[[ DATA PROVIDED, beginning ]]

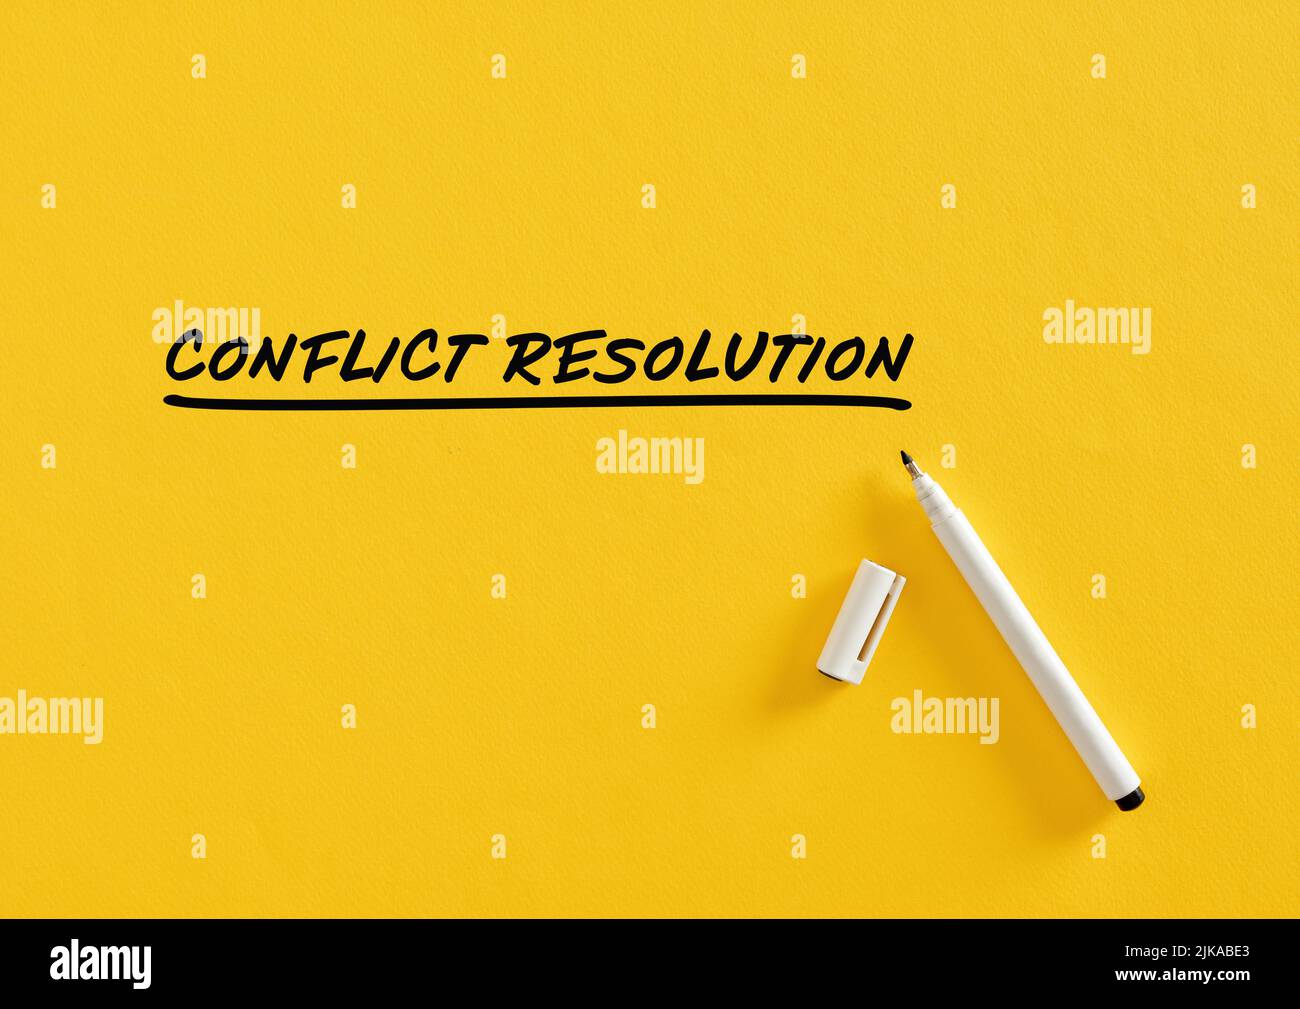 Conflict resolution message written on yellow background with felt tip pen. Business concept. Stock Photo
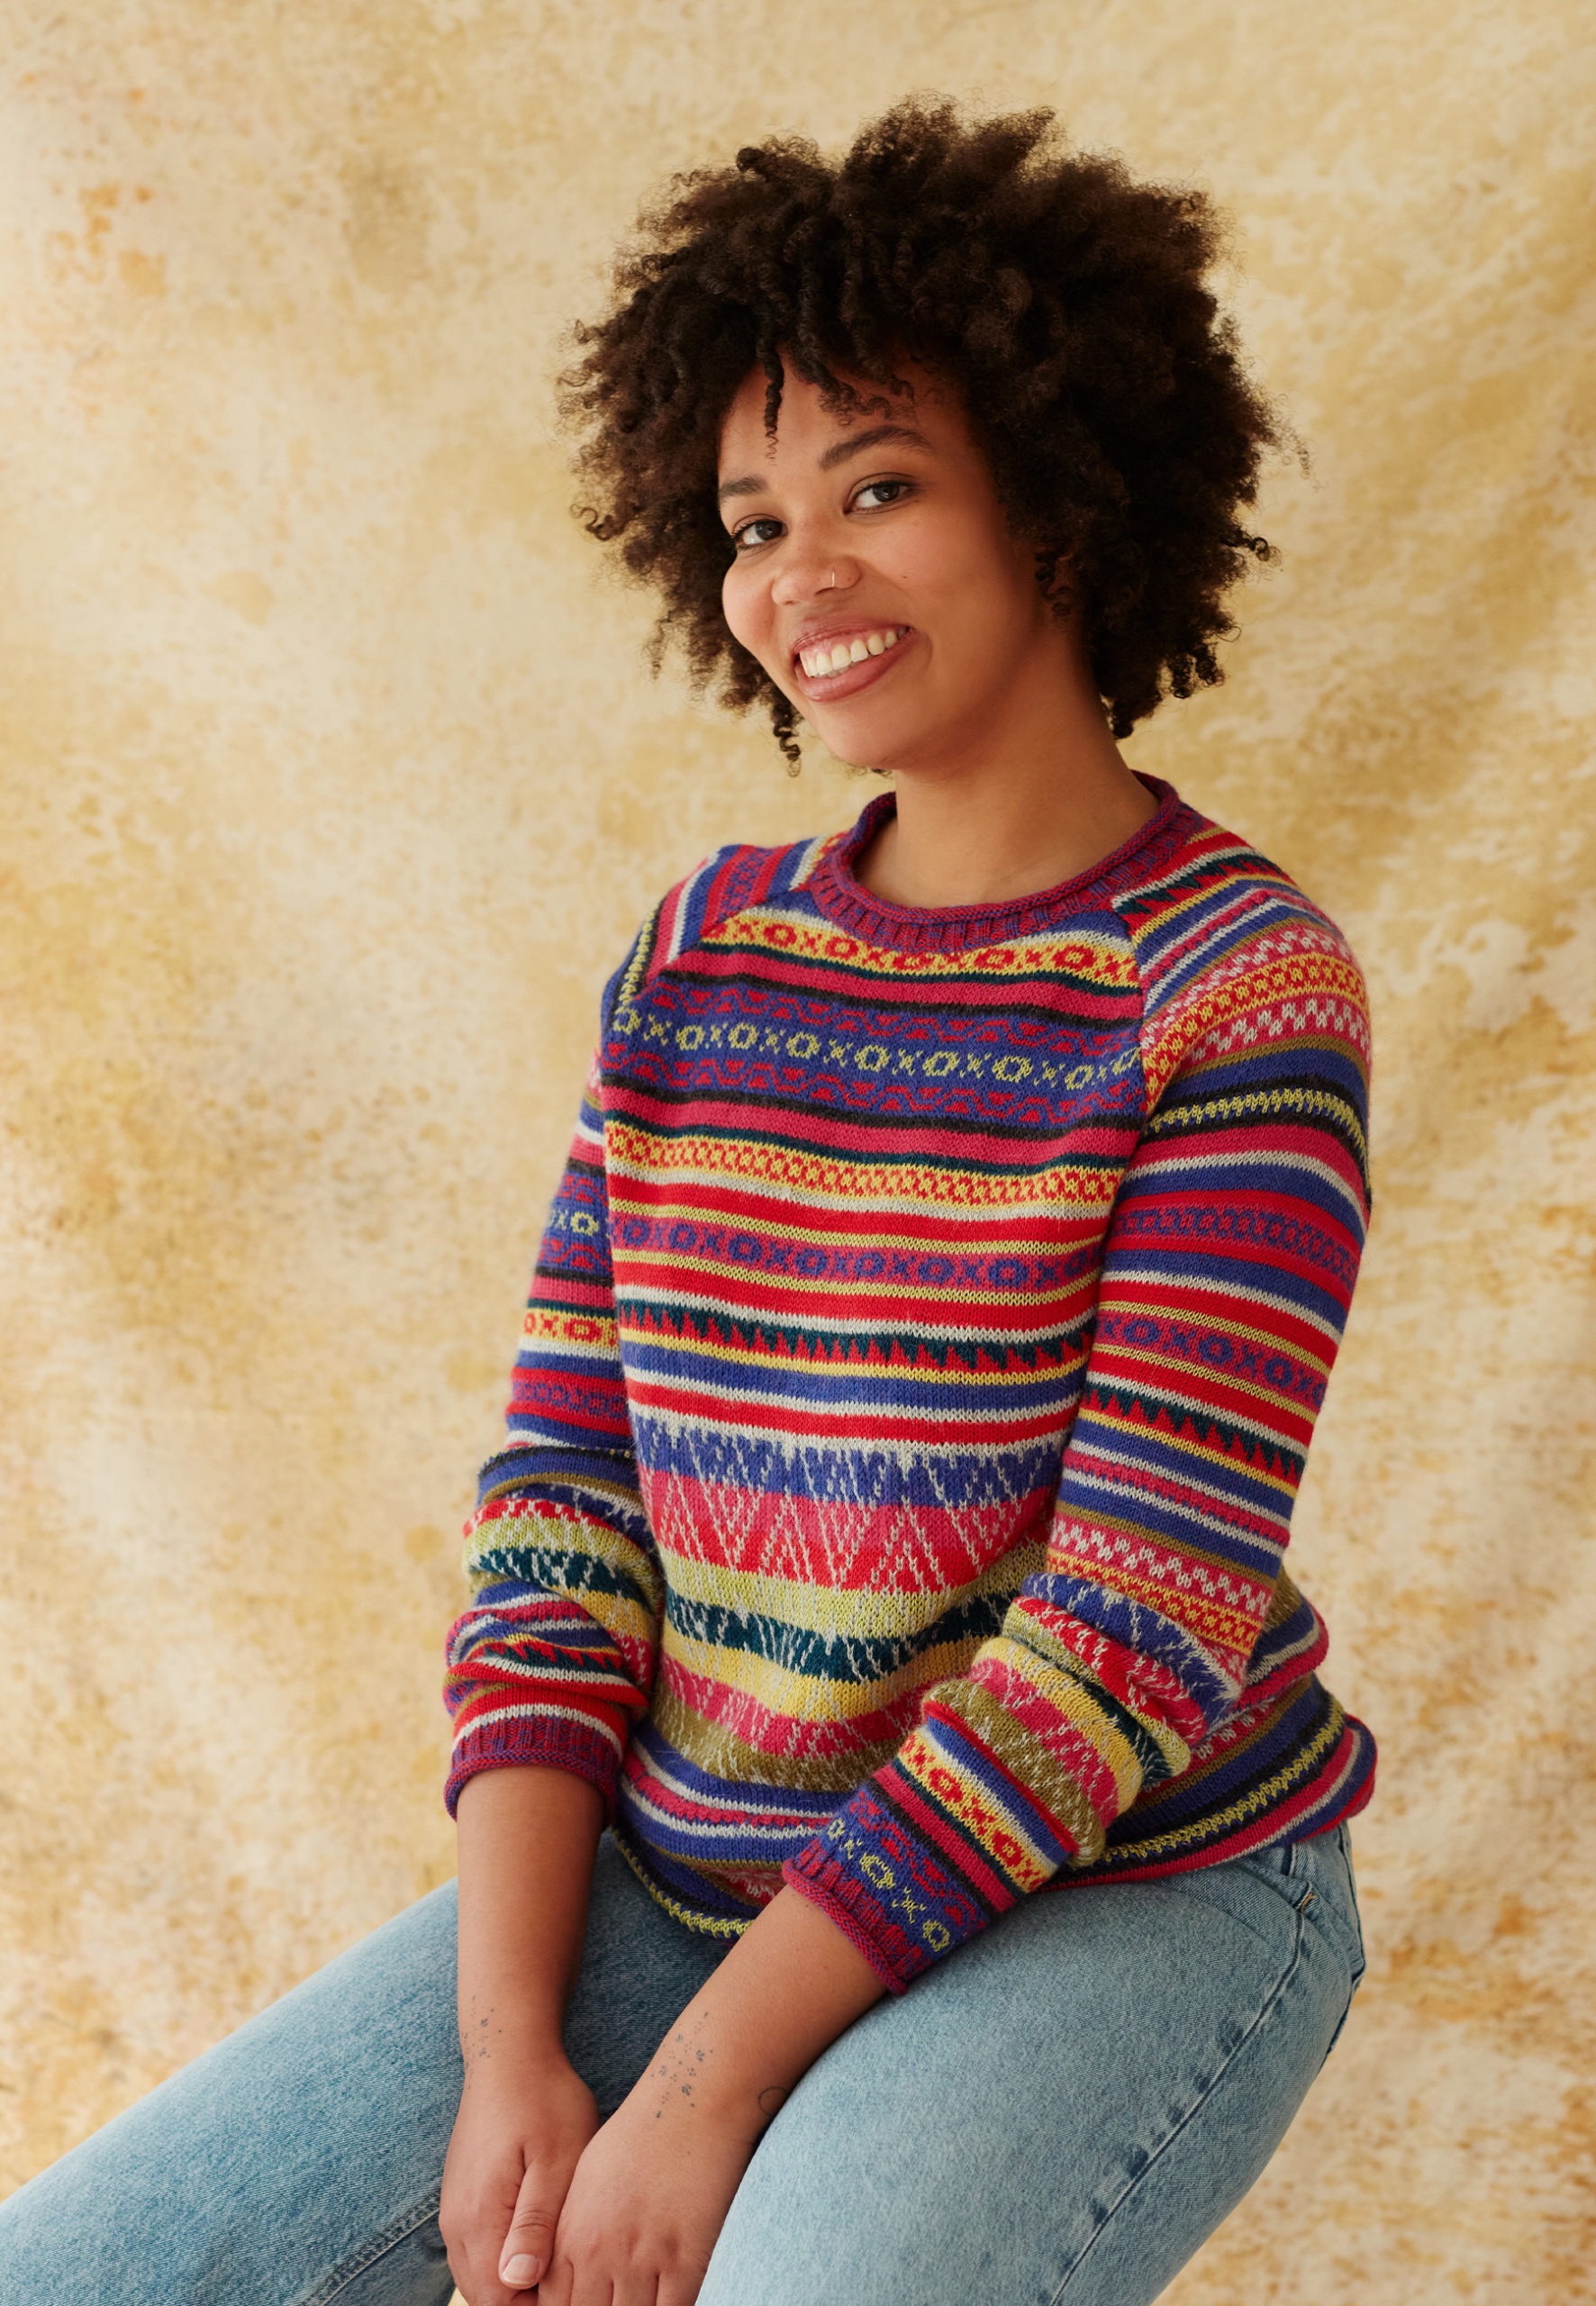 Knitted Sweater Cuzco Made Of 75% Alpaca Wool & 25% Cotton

[[ DATA PROVIDED, end ]]
[[ DATA PROVIDED, beginning ]]

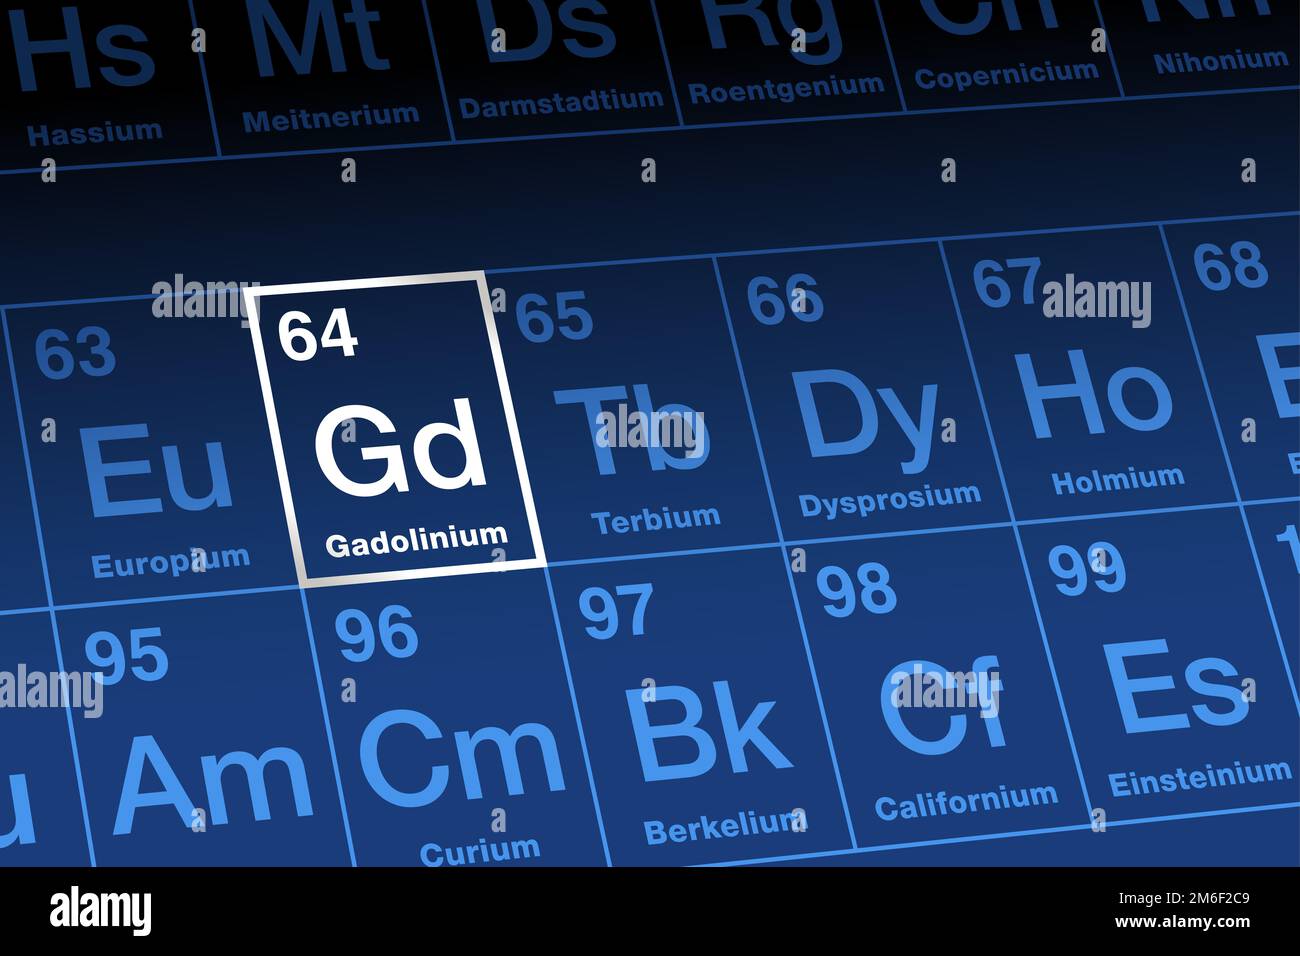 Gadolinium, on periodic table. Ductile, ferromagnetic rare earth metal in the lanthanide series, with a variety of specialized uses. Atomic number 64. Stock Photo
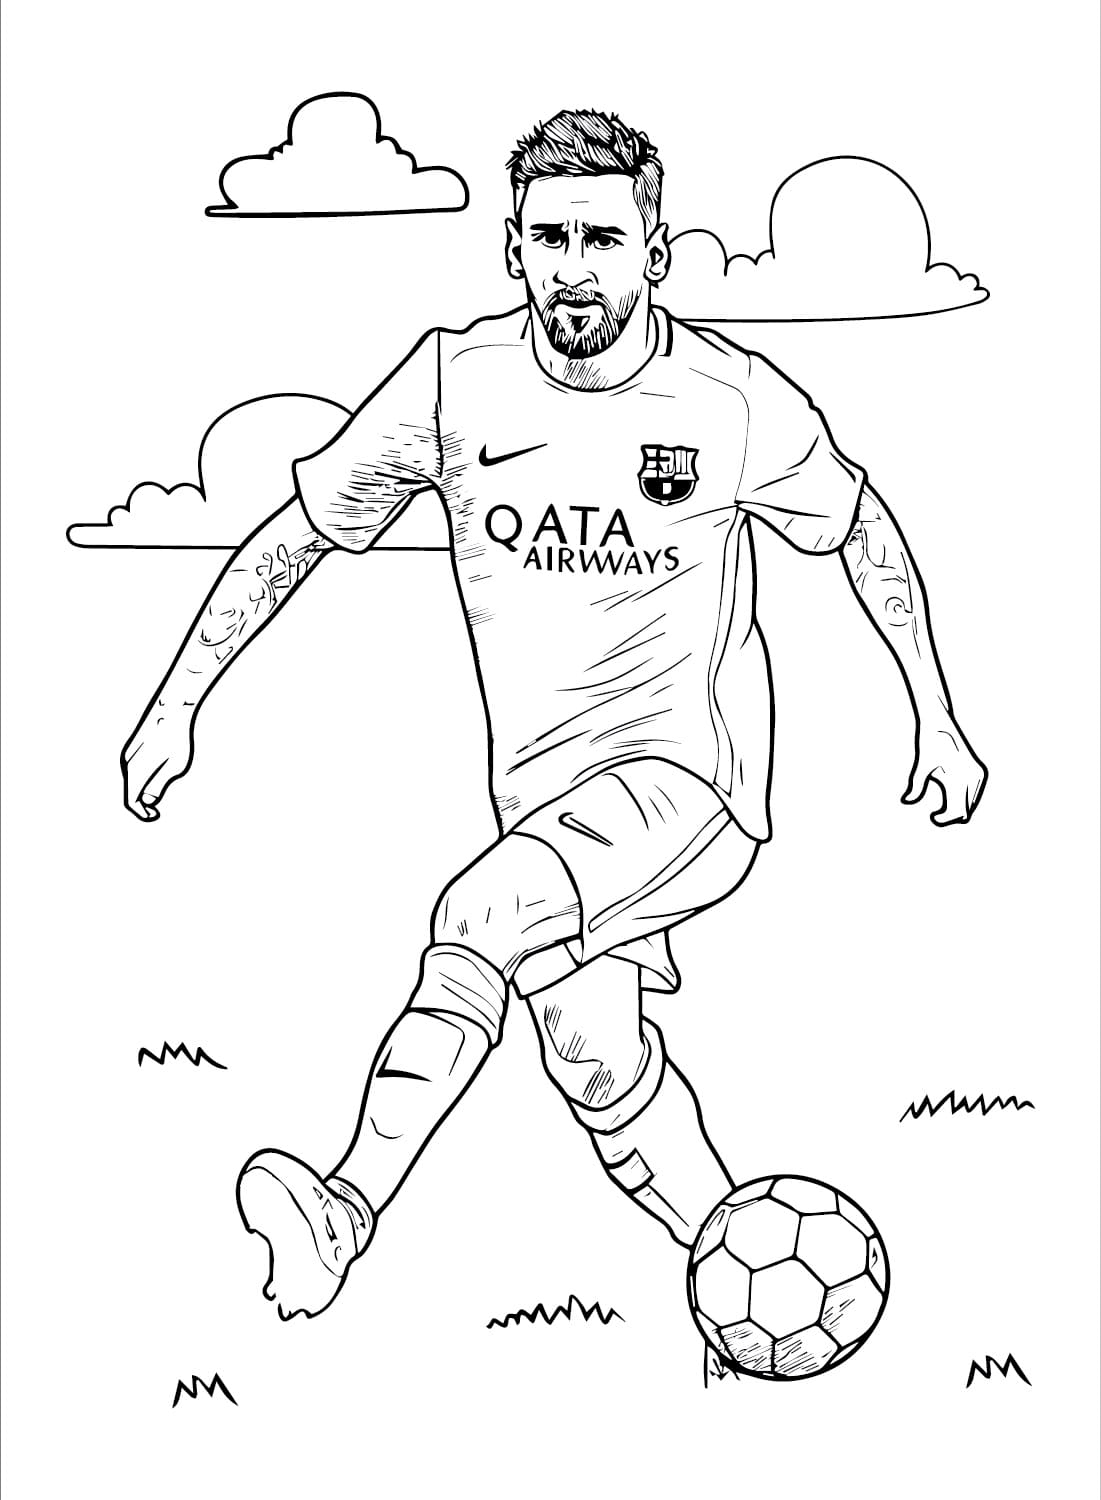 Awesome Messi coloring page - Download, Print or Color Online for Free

[[ DATA PROVIDED, end ]]

EXERCISE AIM -
Pictures aside, print exactly the lines above starting with the one containing "Conflict resolution message" and going on through the one containing "Knitted Sweater Cuzco".

EXERCISE SOLUTION -
 Conflict resolution message written on yellow background with felt tip pen. Business concept. Stock Photo
 Knitted Sweater Cuzco Made Of 75% Alpaca Wool & 25% Cotton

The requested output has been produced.